Final answer:
Closed-loop control systems are actually less sensitive to parameter variations because they incorporate negative feedback loops that help maintain stability by correcting deviations. In contrast, open-loop systems do not have this capability and are more susceptible to changes in parameters. Both negative and positive feedback mechanisms are essential in different contexts, such as in biological systems and plant biology.
Step-by-step explanation:
The statement that closed-loop control systems are more sensitive to parameter variations than open-loop control systems is false. Closed-loop systems, also known as feedback control systems, are designed with a negative feedback loop mechanism that helps to correct the system's output by reducing discrepancies between the desired and actual performance. This control mechanism serves to reduce an excessive response and keep a variable within its normal range, thus making them less sensitive to parameter variations compared to open-loop systems, which do not adjust based on the output and are therefore more sensitive to changes in parameters.
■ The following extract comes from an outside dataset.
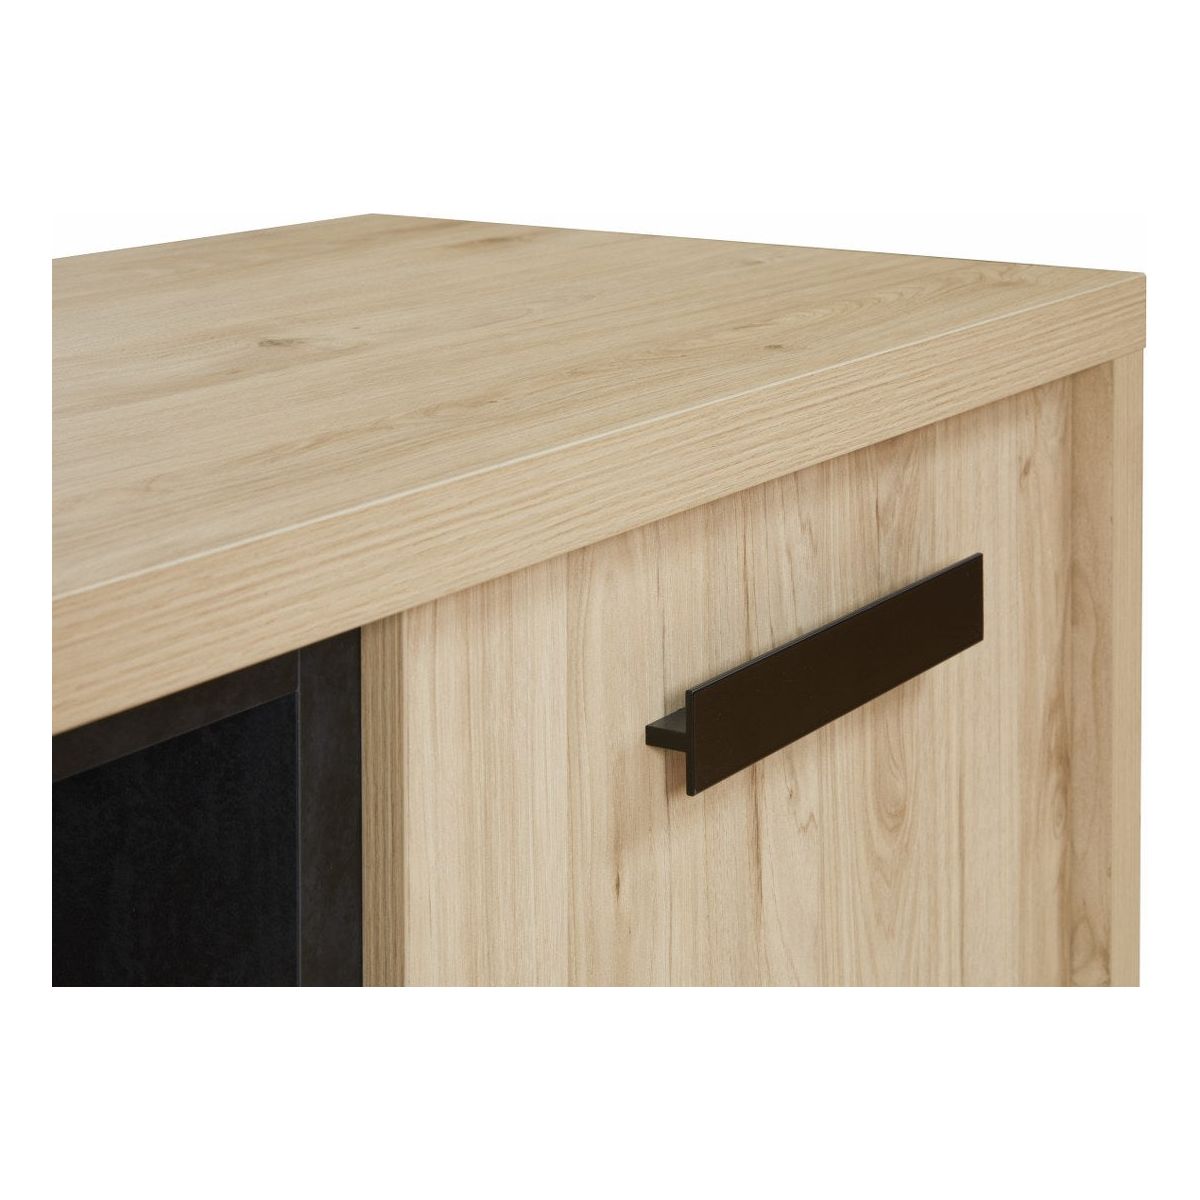 TV cabinet | Furniture series Tilly | brown, natural, black | 168

Real-world examples of closed and open systems include various mechanisms and processes. For instance, biological systems often utilize negative feedback mechanisms, like those seen in homeostasis, where the system responds to changes by initiating processes that counteract further change. On the other hand, positive feedback loops, which are less common, serve to intensify a response until an endpoint is reached, such as in blood clotting and childbirth.
In the context of plant biology, it's noted that plants use both negative and positive feedback mechanisms to maintain their internal environments and respond to external environmental changes. Moreover, simulation models are often employed to address complex systems, particularly linear systems that are mathematically intricate.